The Supreme Court of the United States has granted a writ of certiorari to the appellants of Hollingsworth v. Perry, the Proposition 8 case.
On May 15, 2008, the California Supreme Court found that denying same-sex couples equal access to marriage recognition was a violation of the California Constitution. Chief Justice Ronald George wrote a stirring opinion which was inspired, he told reporters, by recollections from a childhood trip through the South and the “No Negro” signs he saw there.
At 5 pm on June 16, 2008, marriage licenses became available to same-sex couples. Marriage was legal in California.
However, an initiative had been circulated and had already qualified for the ballot. And on November 4, 2008, 52.2% of California voters chose to support Proposition 8 and thus cease the issuance of marriage licenses to same-sex couples. This unexpected result led to protests across the globe.
Supporters of equality went back to the California Supreme Court to argue that the proposition was improper under several different theories. The Court did not accept the logic.
But on May 23, 2009, three days before the California Supreme Court found Prop 8 to be valid, the newly created American Foundation for Equal Rights sued in federal court, asserting that Proposition 8 runs counter to protections granted by the US Constitution. And the attorney team behind the challenge was Ted Olson and David Boies, the two attorneys who had argued both sides of the election result dispute between George W Bush and Al Gore.
This federal judge assigned to the case, Judge Vaughn Walker, did something unusual; he ordered that a trial of fact would occur. This meant that attorneys could not simply come into the courtroom and make whatever claims they chose; rather, they would need to provide evidence for their assertions.
The lead plaintiffs were Kristin Perry and Sandra Steir and the lead defendant was Governor Arnold Schwarzenegger (whose defense consisted of “here, your honor”), so the case became Perry v. Schwarzenegger.
Because the Governor and the California Attorney General (currently Governor) Jerry Brown offered no argument in favor of discrimination, supporters of the proposition were granted standing to defend the law.
The case began in January, 2010. After a lengthy trial in which the proponents pulled all but a few witnesses (David Blankenhorn was virtually the only person on the stand for the proponents) and in which the motivations of the supporters of discrimination was the topic of newspapers and television news coverage, on August 4, Judge Walker issued a decision.

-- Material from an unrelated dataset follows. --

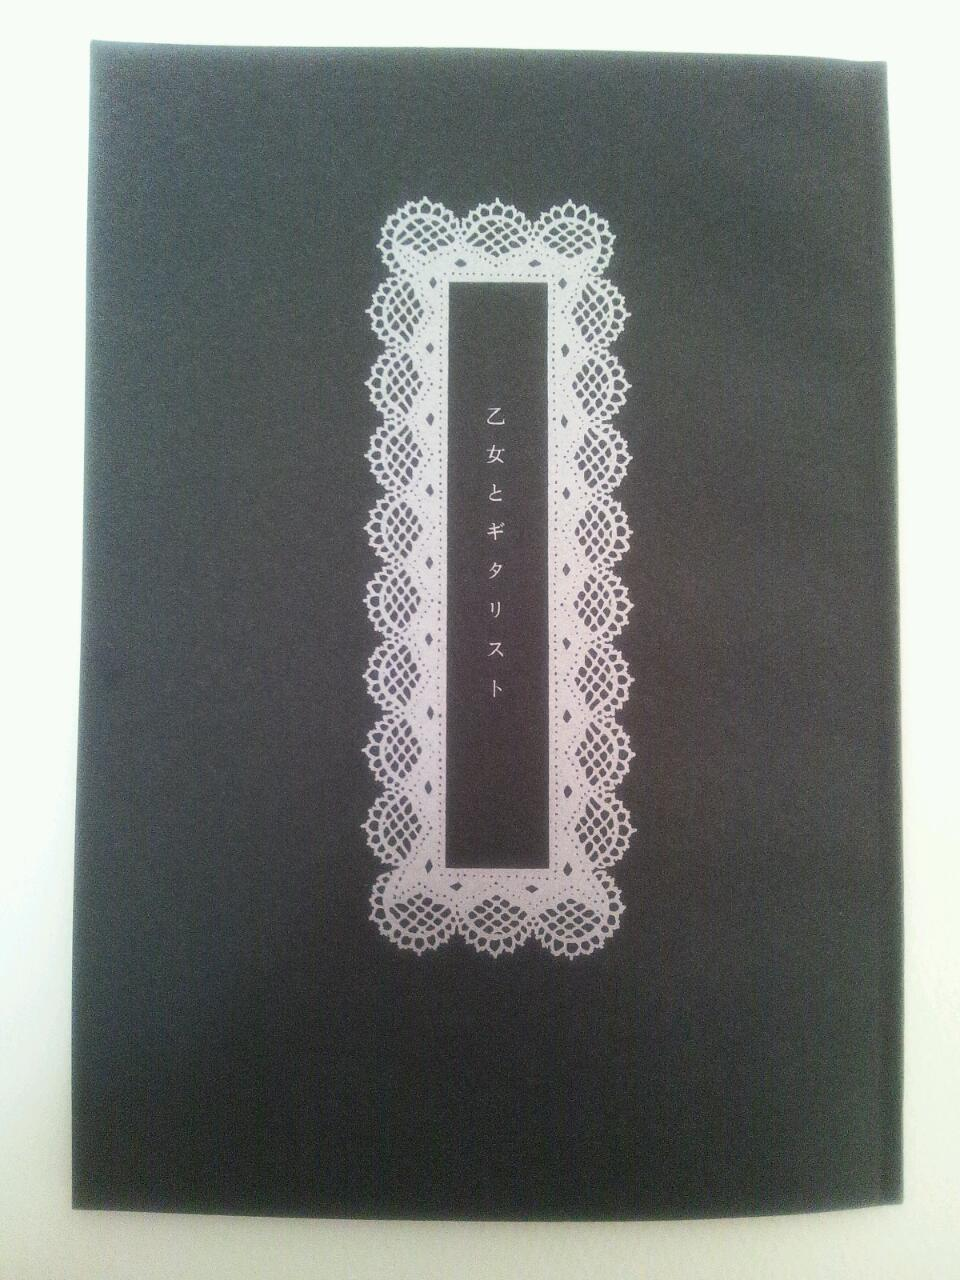 【SHIBUYA  PUBLISHING  BOOKSELLERS】リトルプレスフェアに参加します
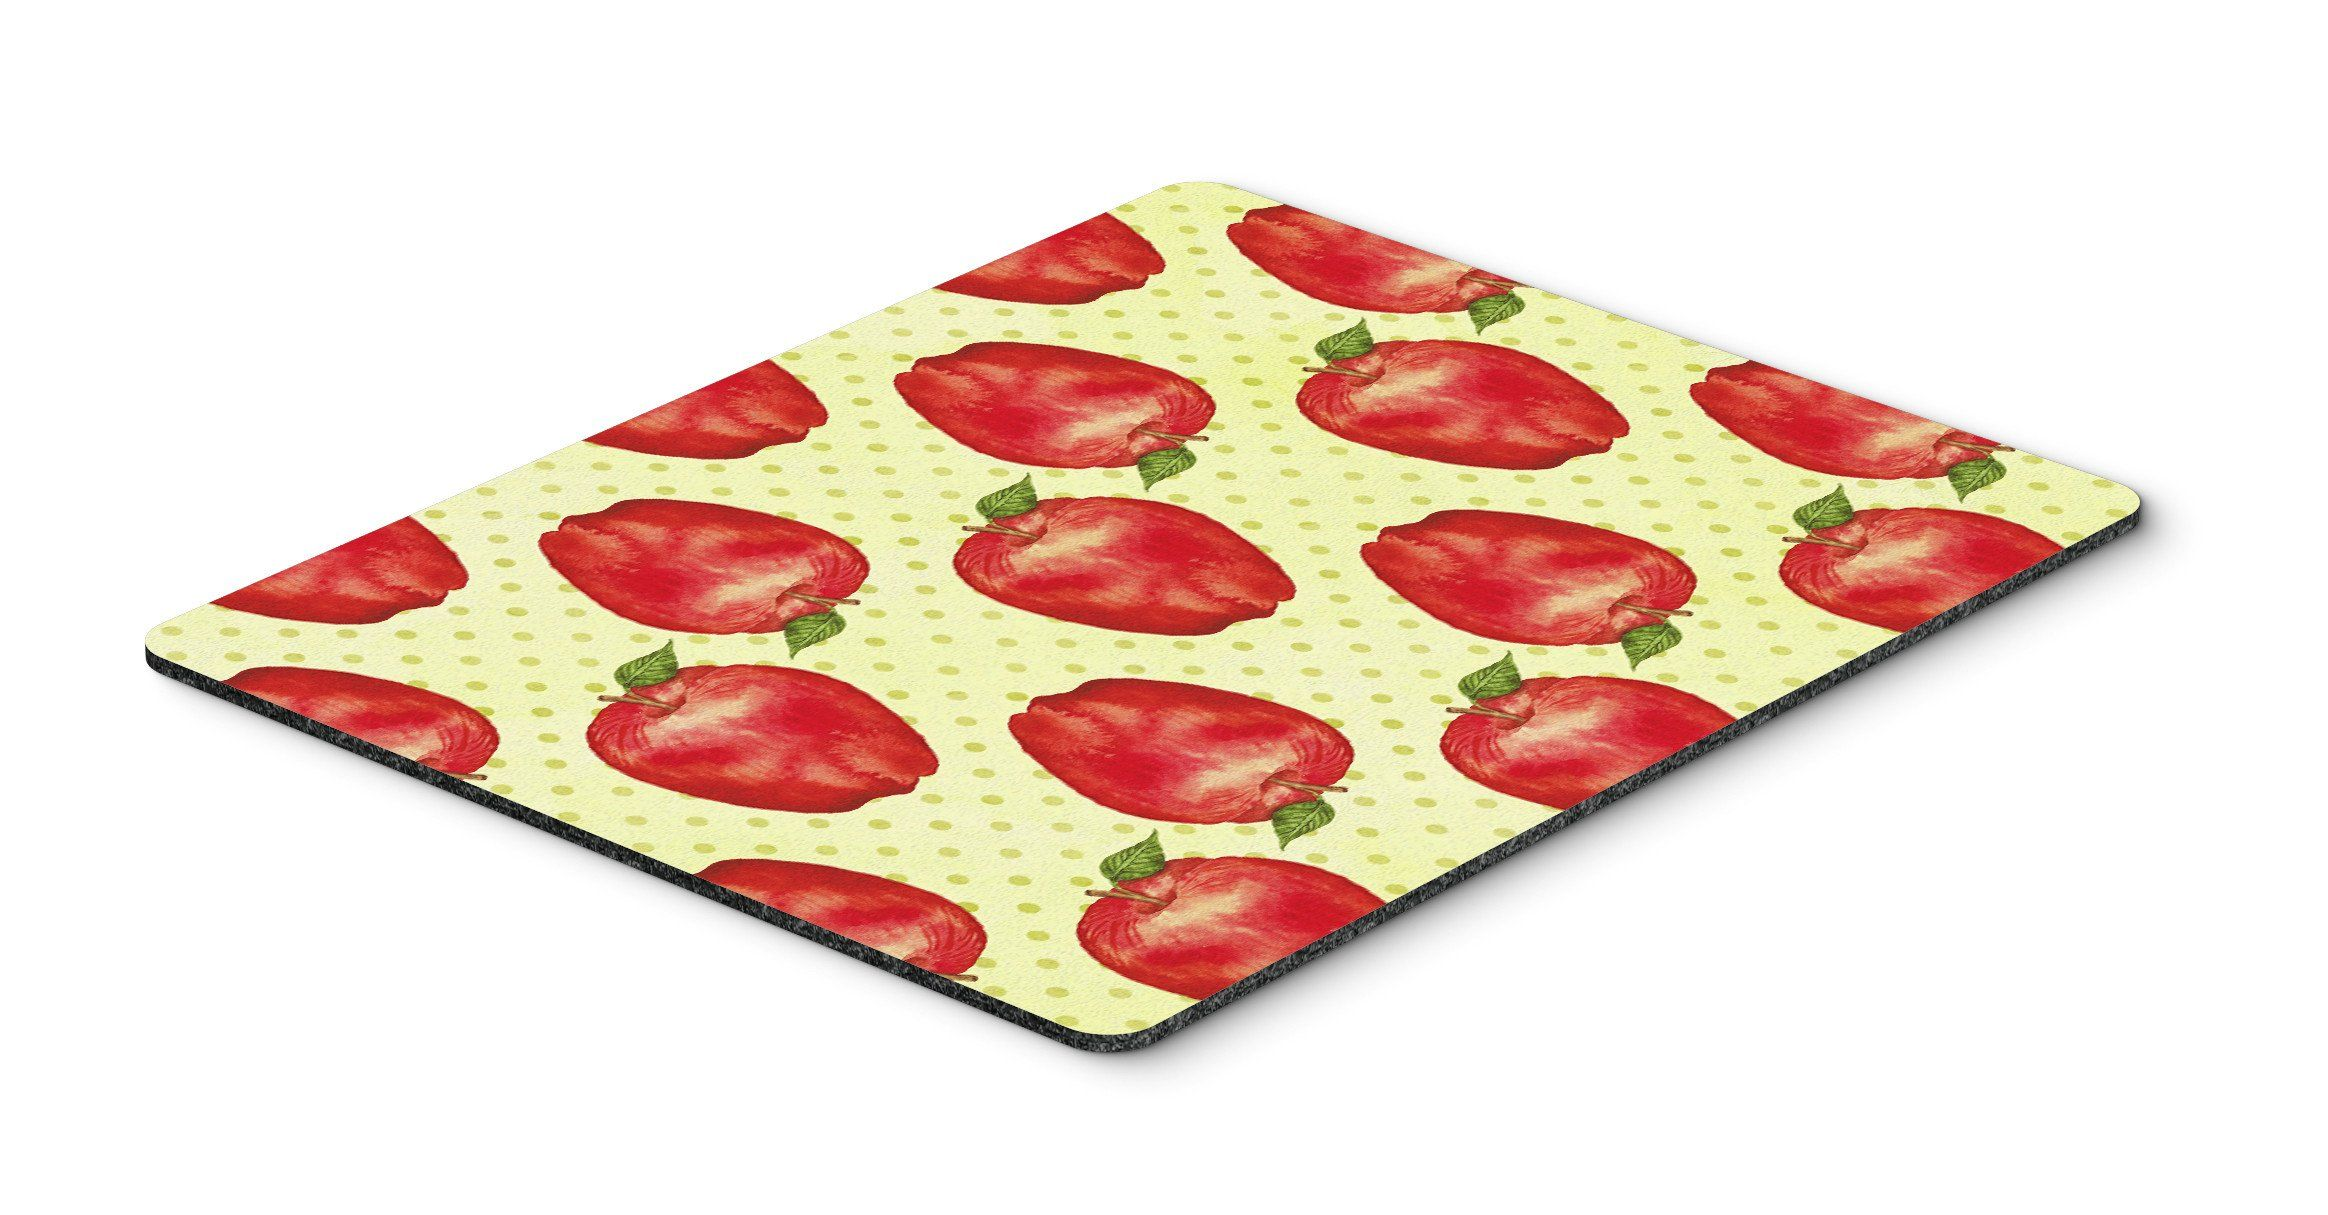 Watercolor Apples and Polkadots Mouse Pad, Hot Pad or

An initiative measure adopted by the voters deserves great respect. The considered views and opinions of even the most highly qualified scholars and experts seldom outweigh the determinations of the voters. When challenged, however, the voters’ determinations must find at least some support in evidence. This is especially so when those determinations enact into law classifications of persons. Conjecture, speculation and fears are not enough. Still less will the moral disapprobation of a group or class of citizens suffice, no matter how large the majority that shares that view. The evidence demonstrated beyond serious reckoning that Proposition 8 finds support only in such disapproval. As such, Proposition 8 is beyond the constitutional reach of the voters or their representatives.
At this point the state of California, through its Governor and Attorney General, accepted the ruling of the court. And that would have been that, but the proponents of Prop 8 demanded that the case be appealed. And the Ninth Circuit Court of Appeals ruled that the proponents could have standing to appeal the decision of Judge Walker.

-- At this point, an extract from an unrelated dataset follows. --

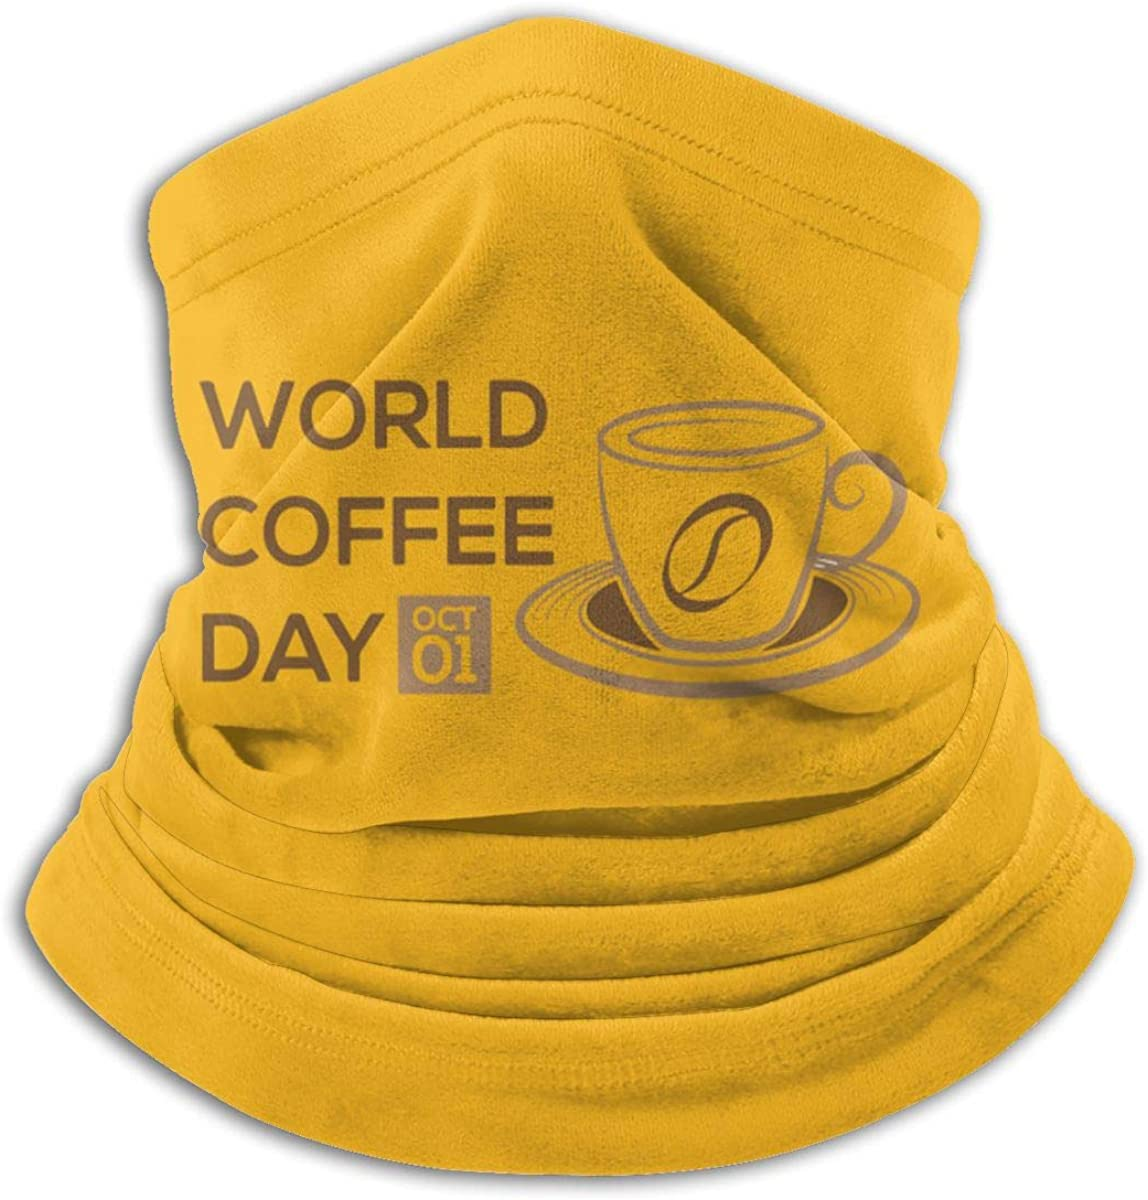 International Coffee Day Black Multi-function Neck Warmer Gaiter Polyester Neck Warmer Windproof Winter Neck Gaiter Cold Weather Scarf For Men Women

The decision was stayed pending the decision of the Ninth Circuit Court of Appeals.
In December 2011, the Ninth Circuit hear argument about the constitutionality of Proposition 8. And on February 7th of this year, the Ninth Circuit found that indeed Proposition 8 violated the US Contitution, however on a narrower position. The found that having once granted marriage rights equally, a state cannot choose a single demographic from which to withdraw those rights. The left open the bigger picture of whether marriage rights, in and of themselves, cannot be subject to discrimination based on animus.

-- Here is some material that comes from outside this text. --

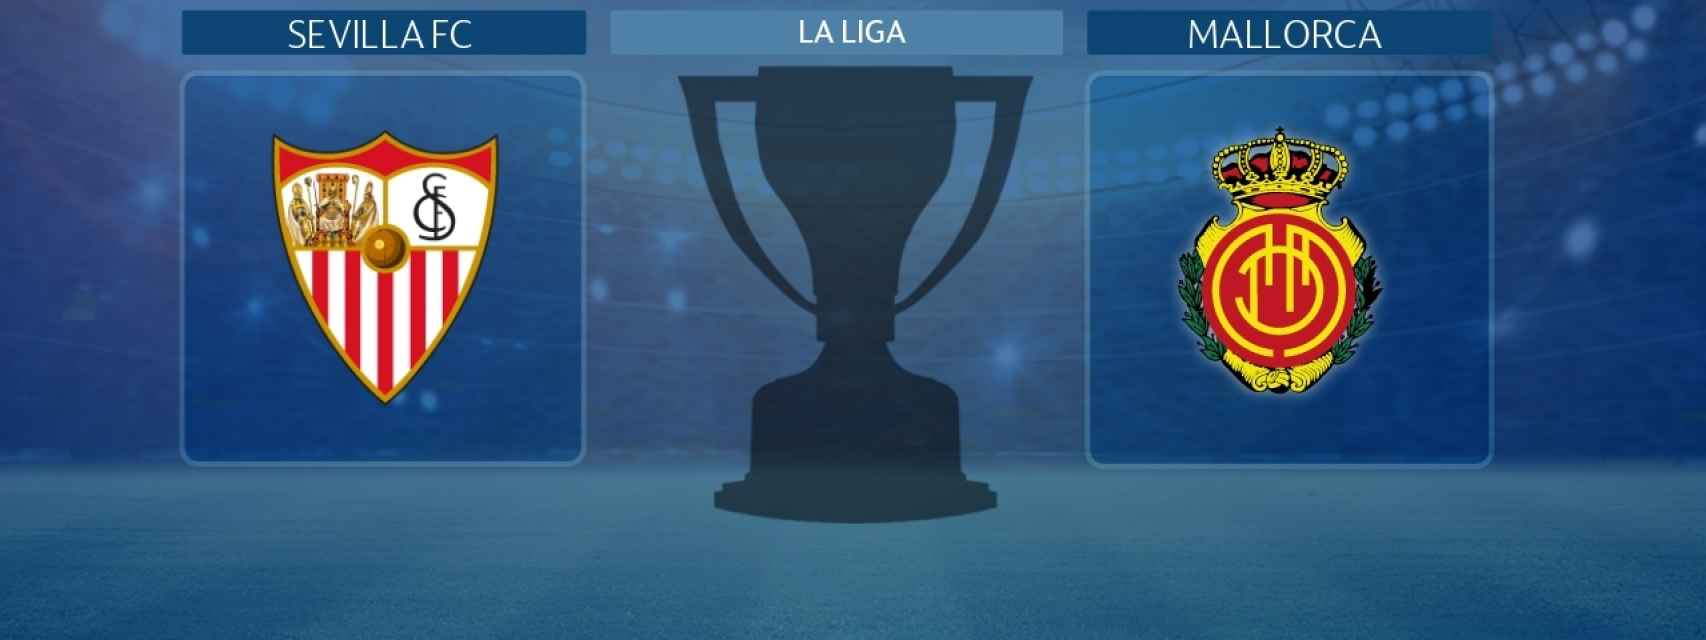 Sevilla - Mallorca, partido de La Liga

Again the proponent of discrimination appealed and again the decision was stayed.
Today, the Supreme Court of the United States has announced that it will hear Hollingsworth v. Perry (the current name of the case, reflecting the challengers – headed by Hollingsworth).
FRIDAY, DECEMBER 7, 2012
HOLLINGSWORTH, DENNIS, ET AL. V. PERRY, KRISTIN M., ET AL.
The petition for a writ of certiorari is granted. In addition to the question presented by the petition, the parties are directed to brief and argue the following question: Whether petitioners have standing under Article III, §2 of the Constitution in this case.
Many pundits expected a different answer. We thought that the court would allow the ruling of the Ninth Circuit to stand, thus allowing marriage under the unique circumstances in California (rights revoked) and avoid the question of marriage equality until public opinion had solidified.
And that may still be their decision. By questioning standing, they may be signaling that they will find that the Ninth Circuit hearing was not valid and that they have no path through which to even hear the challenge to Judge Walker’s ruling. (If no one other than legally elected representatives of the people had the right to appeal, then there was no appeal).
Argument before the court will be given next year and by June 2013 it is expected that the fate of Proposition 8 will be resolved.